Impacto para o Flamengo (Rubro-Negro)

Do ponto de vista direto sobre o clube, a transcrição aponta que o Flamengo teve parte de suas alegações reconhecidas pela Justiça e que participou de negociações que resultaram em acordo e reorganização político-institucional da Libra. Esses desdobramentos indicam uma forma de validação técnica parcial das teses do Rubro-Negro, o que reduz a plausibilidade das reconstruções que o pintaram como mero oportunista econômico. Além disso, a saída de um ator-chave (Palmeiras/Leila) e a reorganização política interna do bloco atenuam a narrativa de que o Flamengo estaria isolando ou destruindo os clubes menores de forma unilateral.

No entanto, a transcrição também evidencia risco reputacional: a circulação precoce e contundente da ideia de que o Rubro-Negro seria institucionalmente arrogante pode persistir mesmo após a correção dos fatos, sobretudo pela ausência de retratações públicas equivalentes por parte das comentaristas. Essa assimetria entre evolução dos fatos e permanência de narrativas pode manter danos à imagem do clube mesmo quando decisões jurídicas e acordos apontam em direções mais complexas do que a que foi divulgada originalmente.

Perspectivas e cenários futuros apontados na transcrição

A transcrição não oferece previsões específicas sobre efeitos esportivos ou financeiros quantificáveis; aponta, porém, reflexões institucionais e jornalísticas. O primeiro cenário possível é o de uma reaproximação pautada em critérios mais técnicos de governança na Libra, motivada pela reorganização política mencionada. Outro desdobramento plausível, sugerido implicitamente, é que a falta de autocrítica pública por parte da imprensa pode levar a déficits de confiança nas análises esportivas, ampliando a polarização e incentivando narrativas construídas para engajamento em vez de para compreensão técnica.
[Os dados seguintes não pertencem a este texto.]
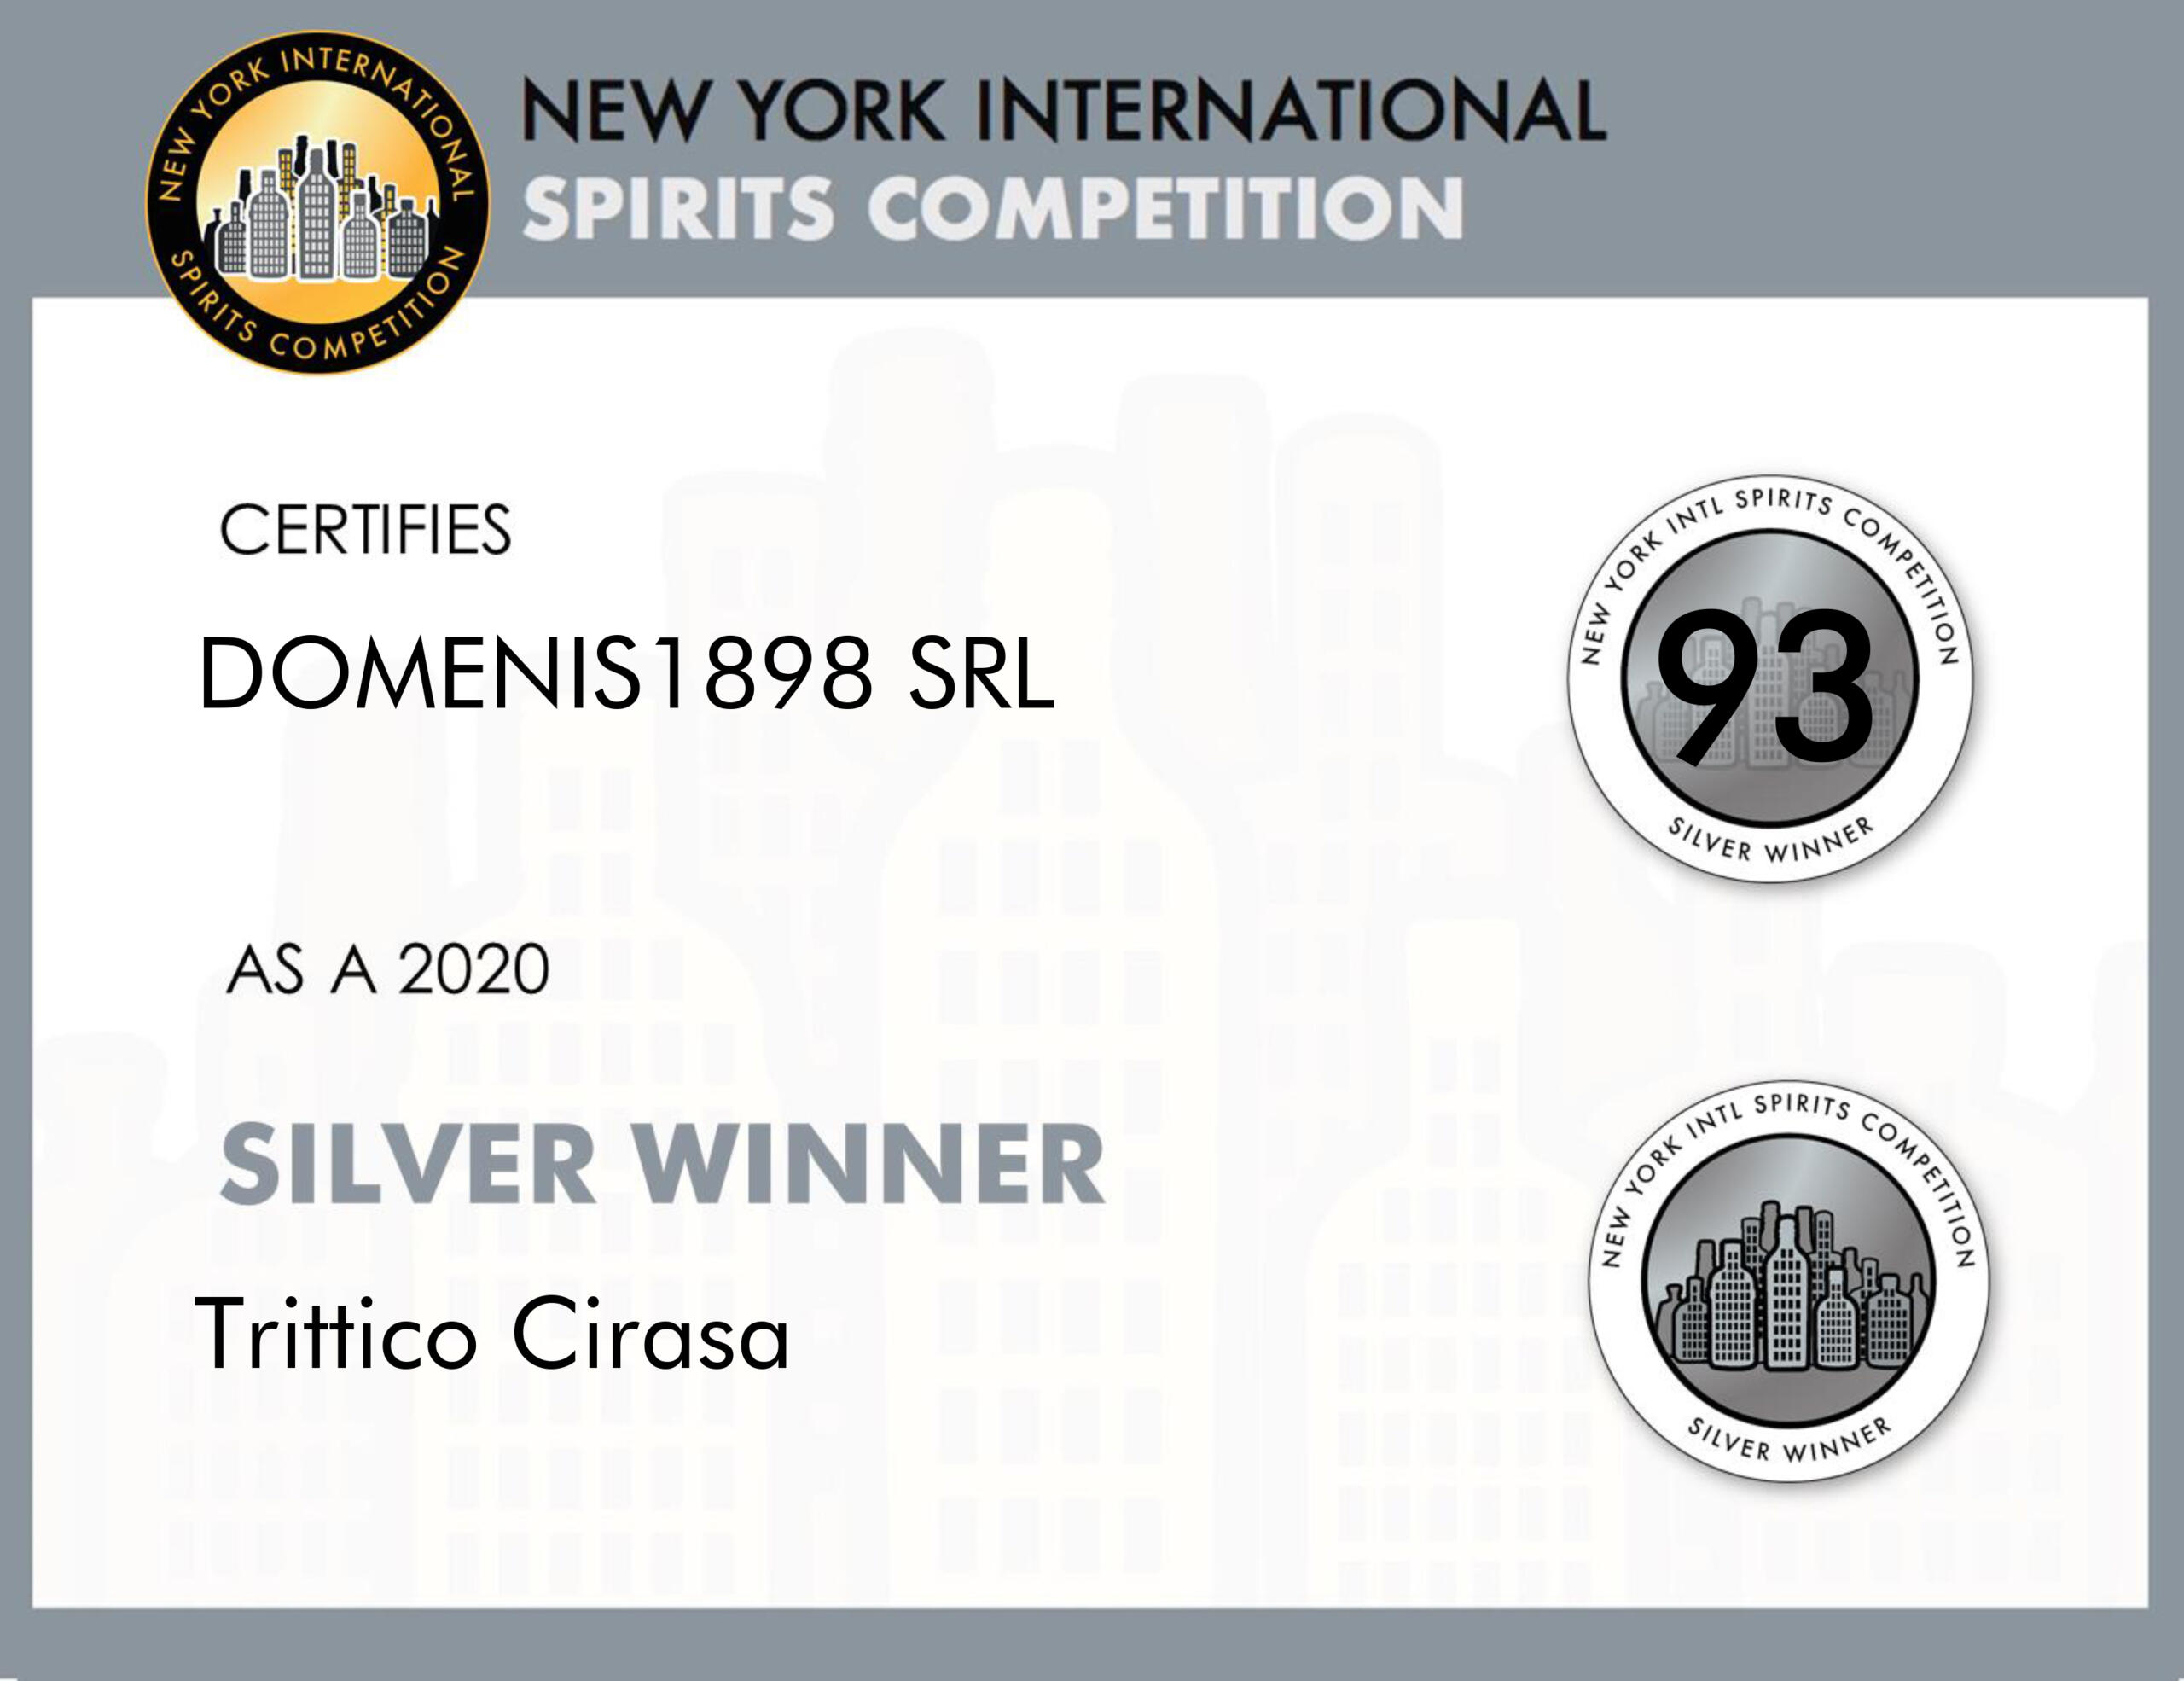 New York Intl Spirits Competition 2020 – Silver Winner – Trittico Cirasa

Para o Flamengo, o cenário imediato envolve manter a defesa técnica das suas alegações (que foram, em parte, acolhidas) e capitalizar — institucionalmente, não apenas narrativamente — sobre o reconhecimento judicial e o acordo, enquanto lida com o desafio de reparar eventuais danos de imagem decorrentes da cobertura inicial.

Conclusão editorial: balanço crítico e lições para o jornalismo esportivo

O caso Flamengo x Libra, conforme documentado pela transcrição, funciona como um espelho para o jornalismo esportivo contemporâneo. O núcleo do problema não é necessariamente o erro pontual — erros acontecem —, mas a transformação de convicções editoriais em cobertura incontestável, a priorização de arquétipos morais sobre análise técnica e a ausência de correções proporcionais quando os fatos mudam. As atitudes de Milly Lacombe e Alícia Klein, tal como descritas, ilustram um padrão de atuação que mistura narrativa, político-ideologia e julgamento moral precoce, sem o devido retorno crítico diante de reveses factuais.

Para o Rubro-Negro, os desdobramentos jurídicos e o acordo com a Libra representaram uma validação parcial de posições técnicas que haviam sido relegadas na cobertura pública a favor de interpretações políticas. Resta ao clube — e ao próprio ambiente jornalístico — conviver com as consequências de uma disputa onde a técnica jurídica ganhou, em instâncias decisórias, espaço sobre a retórica. O episódio deixa, por fim, uma pergunta inquietante levantada explicitamente na transcrição: se tantos prognósticos e leituras foram desmontados pelos fatos, por que quase ninguém reviu publicamente o que havia sido dito? A resposta, em grande medida, delimita não só o futuro das relações entre imprensa e clubes, mas a qualidade do debate público sobre governança do futebol no Brasil.